Saw a programme on telly the other day – a reality show about strangers marrying total strangers. How wise! The matches were made by a panel of “experts” who never even knew the parties! The credentials were the multiple-choice questions of a computer programme, as if humans are simple algorithms. Of course people fill in what they think they are with such questioners. Sometimes they even ask friends for opinion. How can you allow others choose a spouse for you? They don’t know YOU. Only you know you!

But back to our squirrel. Let’s leave humans alone. And so we came up with all sorts of theories on the cause of death of the squirrel, Tom. But then someone raised a possibility we hadn’t considered. What if Tom had leapt from one branch of a tree to another but missed?
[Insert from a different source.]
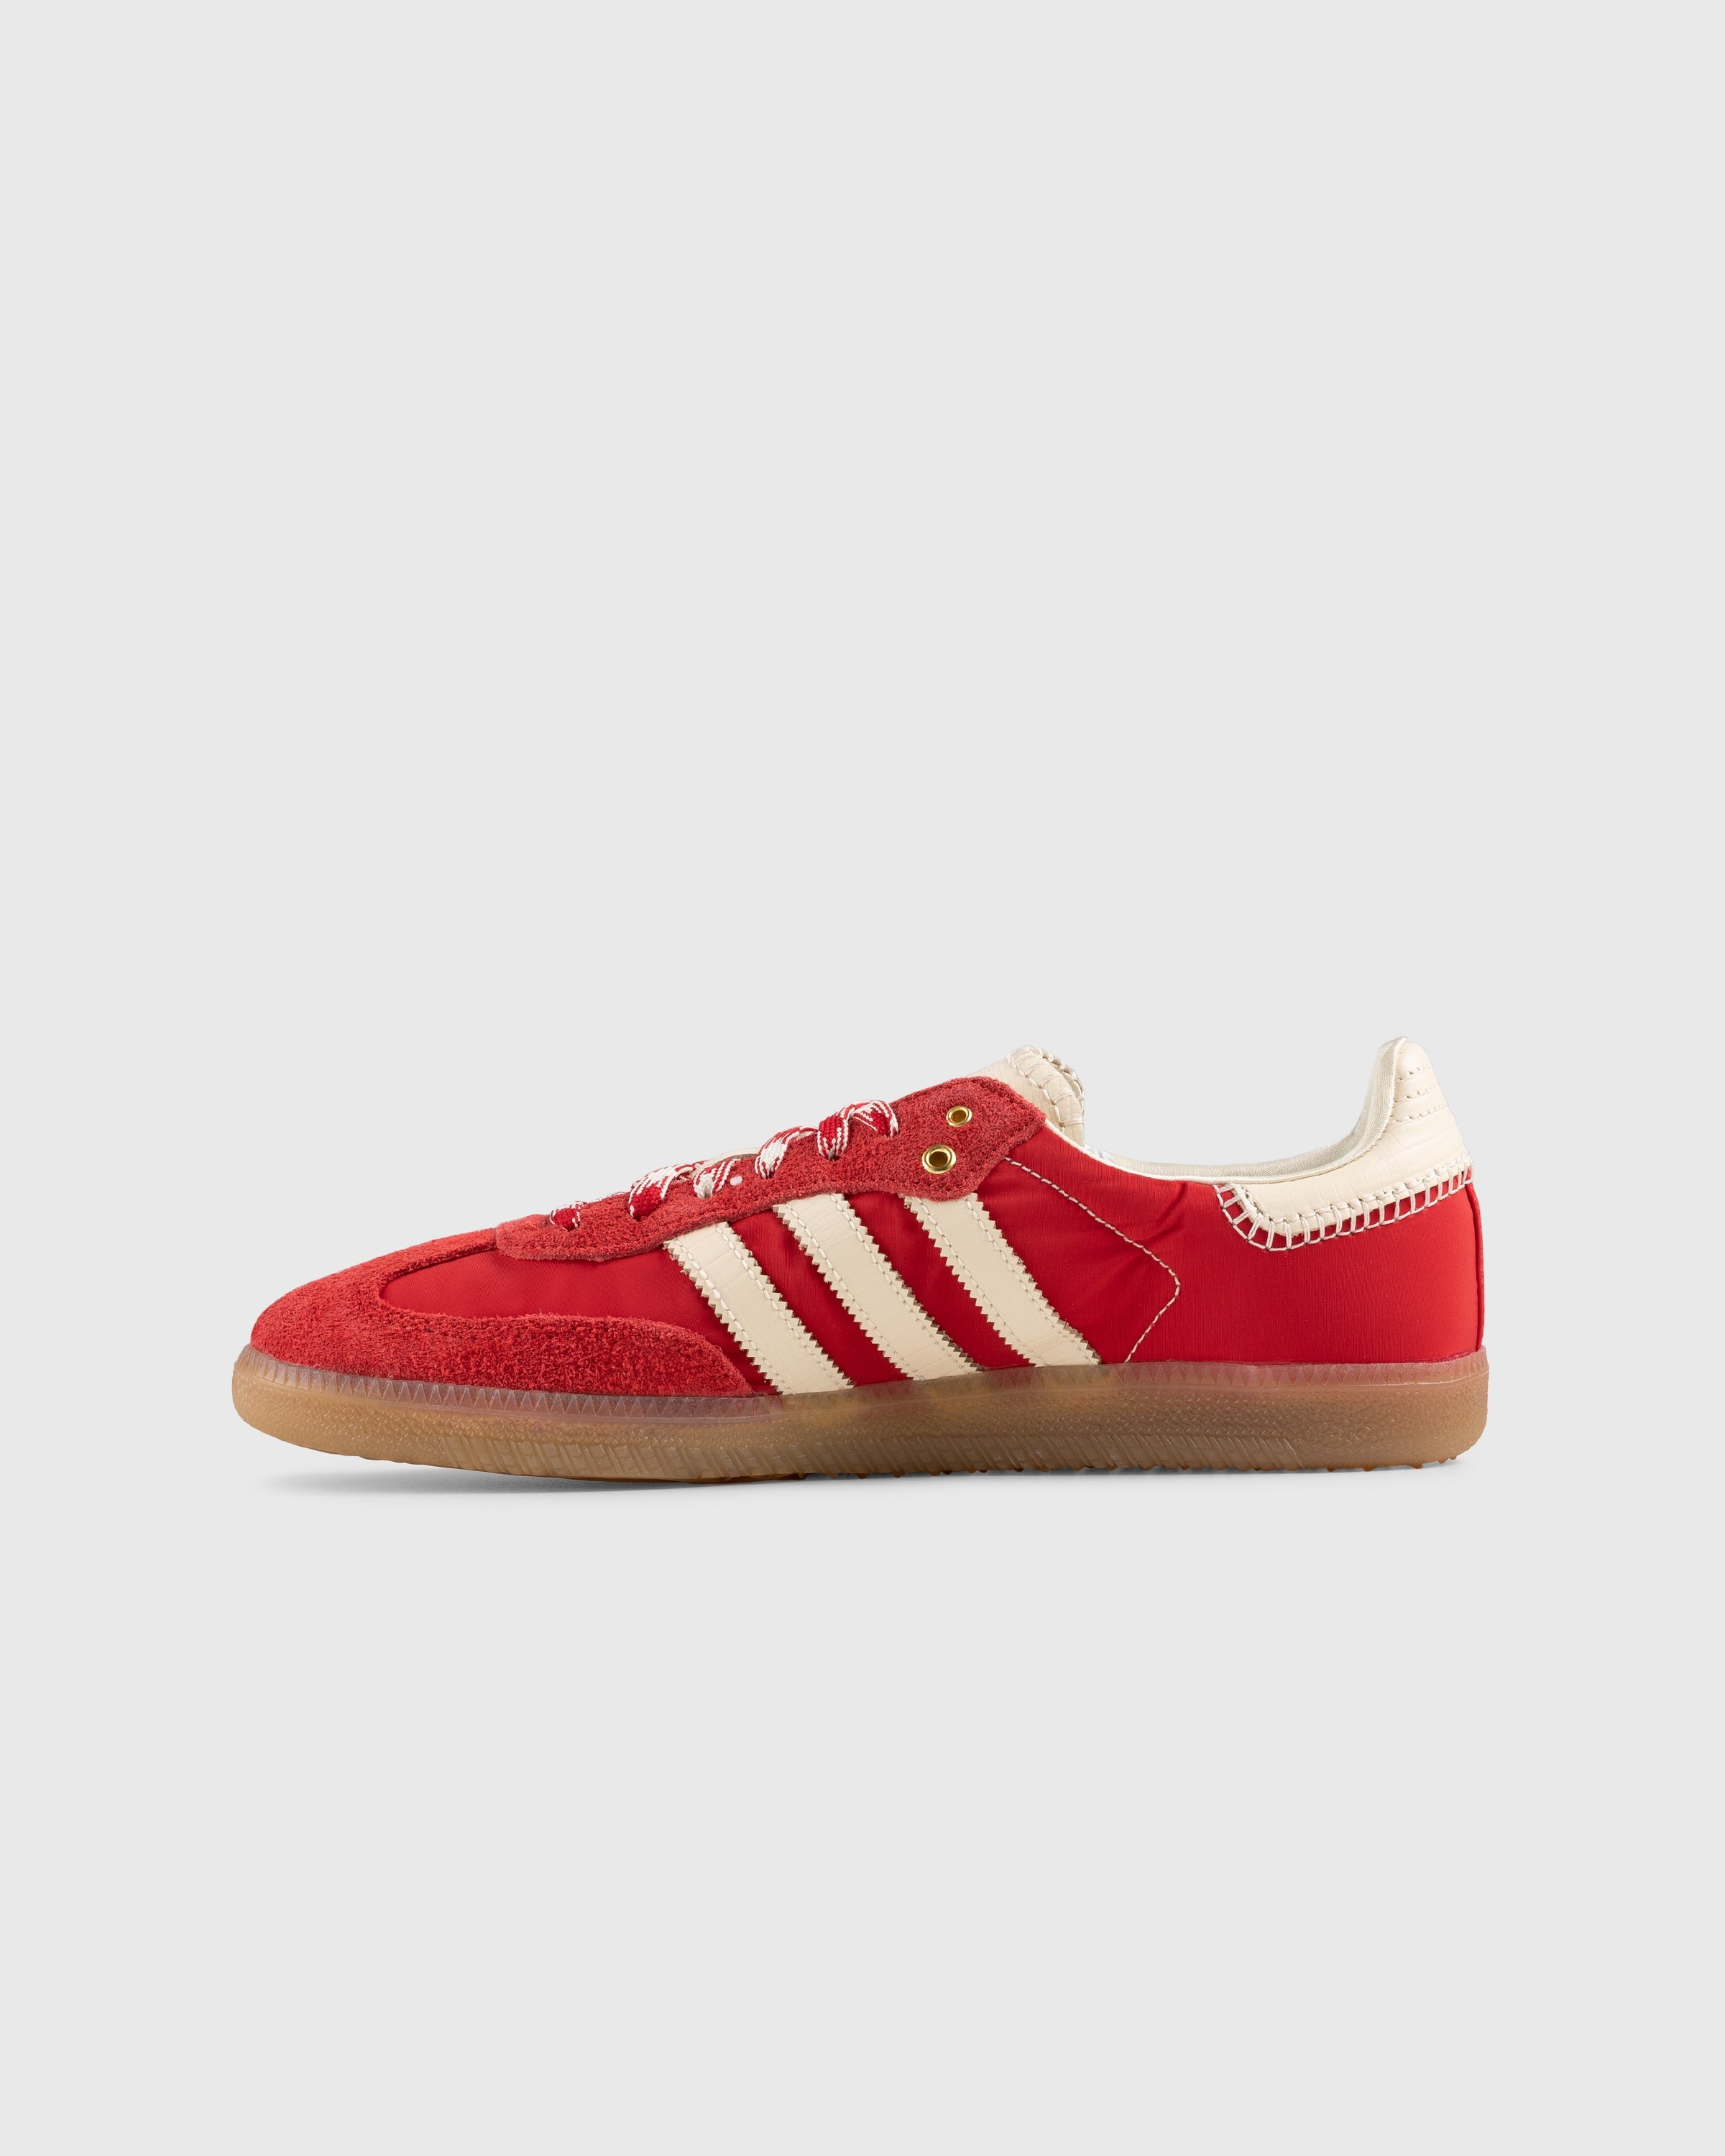 Adidas x Wales Bonner – WB Samba Scarlet/Ecru Tint/Scarlet - Sneakers - Red - Image 2

In other words, what if Tom had over-reached himself and fallen to his death? It’s a very plausible theory. Squirrels are not exactly cats. They don’t have nine lives. But if it’s true that Tom over-leaped it will remind you of certain humans, won’t it? They over-reach themselves in the partners they pursue. They go for what is beyond them. Or why would a young man go for a woman he can’t afford? He’s an over-leaping Tom not so?”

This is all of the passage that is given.